Each year, Perkins&Will studios across the globe compete to identify and celebrate the best in technical design. The Transcendent Detail Competition challenges project teams firmwide to put forth their most technically compelling built work to be judged on four criteria: creativity, elegance, technical difficulty, and adherence to design intent. The 2023 champion, the York University School of Continuing Studies, a project we were awarded through an international design competition, achieved excellence across all criteria. A highly integrated set of design principles, building envelope, structure, and interior design work together to deliver a simple, elegant, and striking new home for the School of Continuing Studies.
York University’s School of Continuing Studies was dispersed across a series of temporary accommodations—a critical shortcoming for the School’s students and faculty. In response, the University articulated the need for a dedicated building to assert the School’s identity and culture, define a campus gateway, and meet ambitious sustainability targets.
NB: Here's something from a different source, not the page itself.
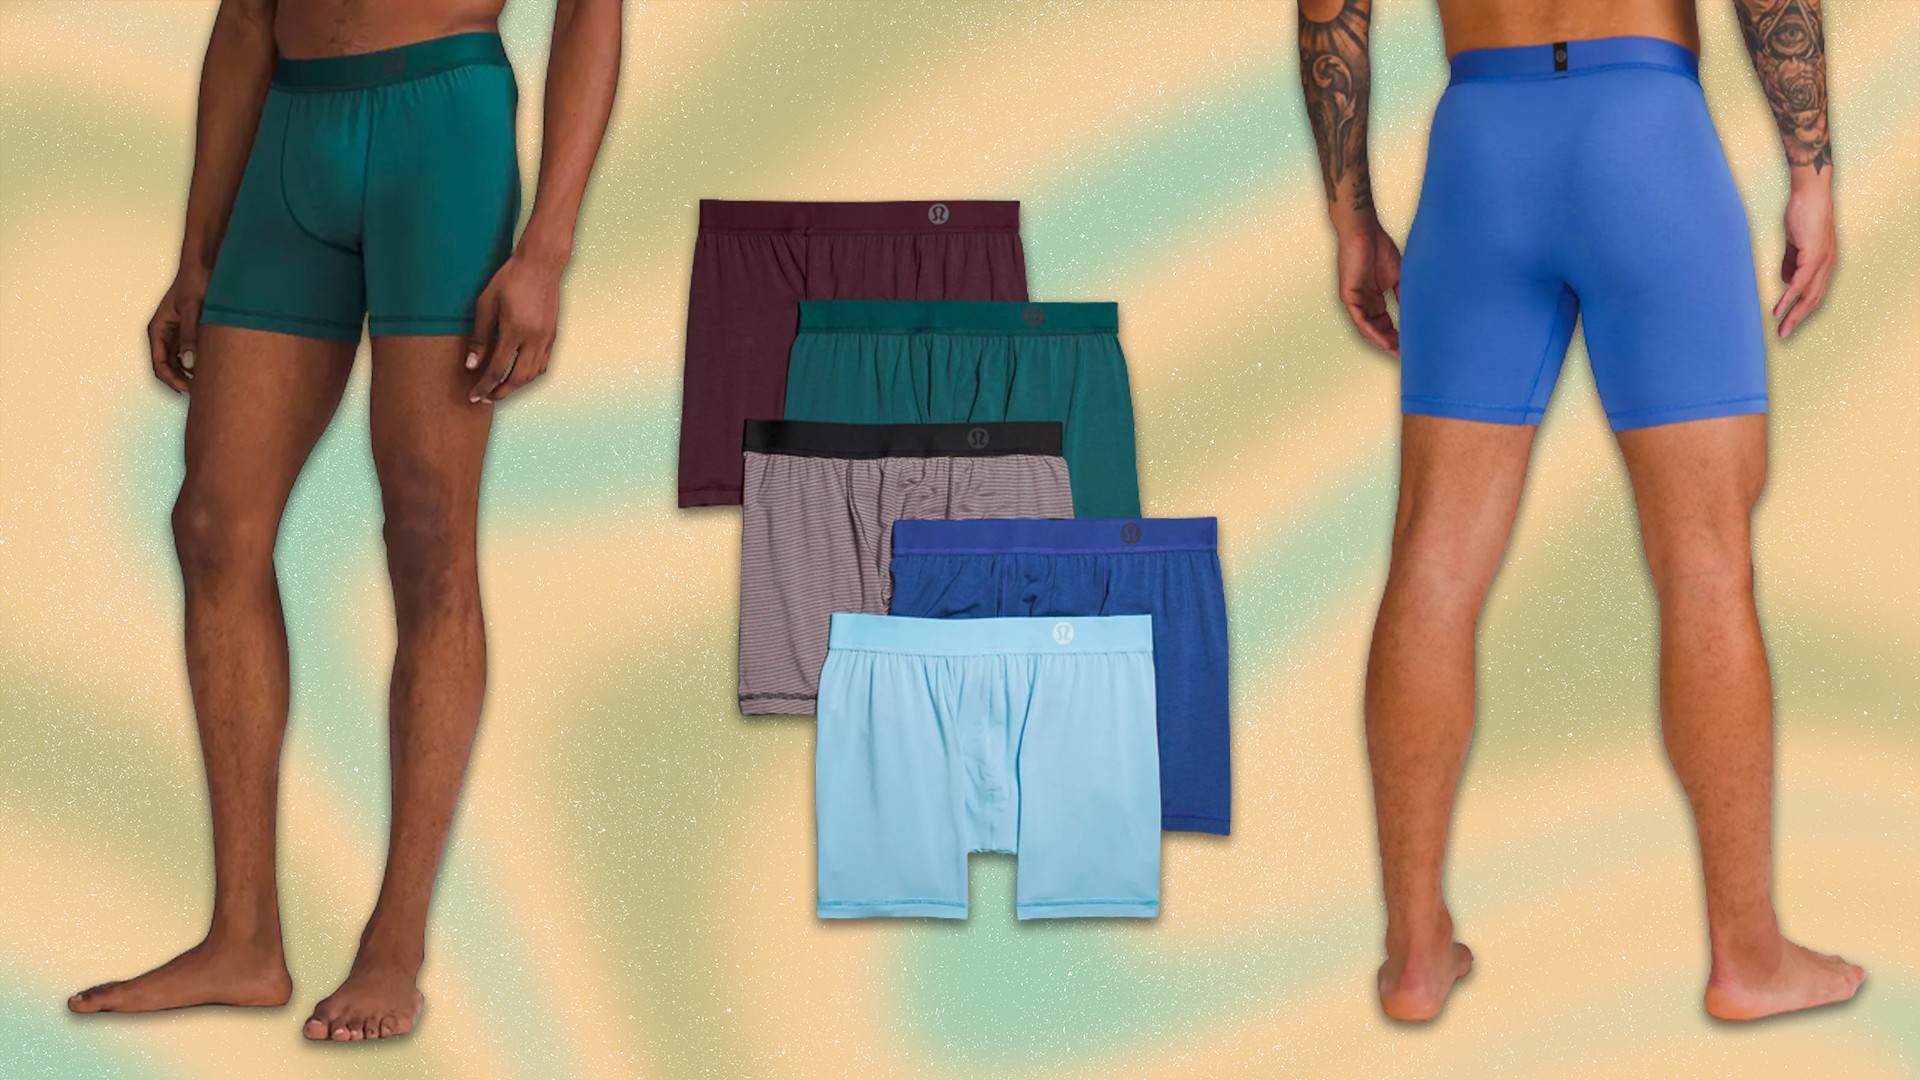 men's underwear try on + review  LULU LEMON Always in Motion briefs!

Targeting LEED Gold certification, the project prioritizes energy efficiencies and occupant comfort while exploring the potential for net zero energy and carbon. In response to these goals, the building’s dynamic form is generated through a simple geometric logic, with rectangular floor plates rotated around a common centroid. The rotation of the overall form introduces a two-way curve into the north and south facades. As the building rotates about its centroid, a triangulated panel pattern takes advantage of regular and biaxial symmetry to create zones of repeat panel shapes. Budgetary premiums were balanced by deploying a rigorous geometry of repeated, off-the-shelf components, transforming them into something exceptional and unexpected.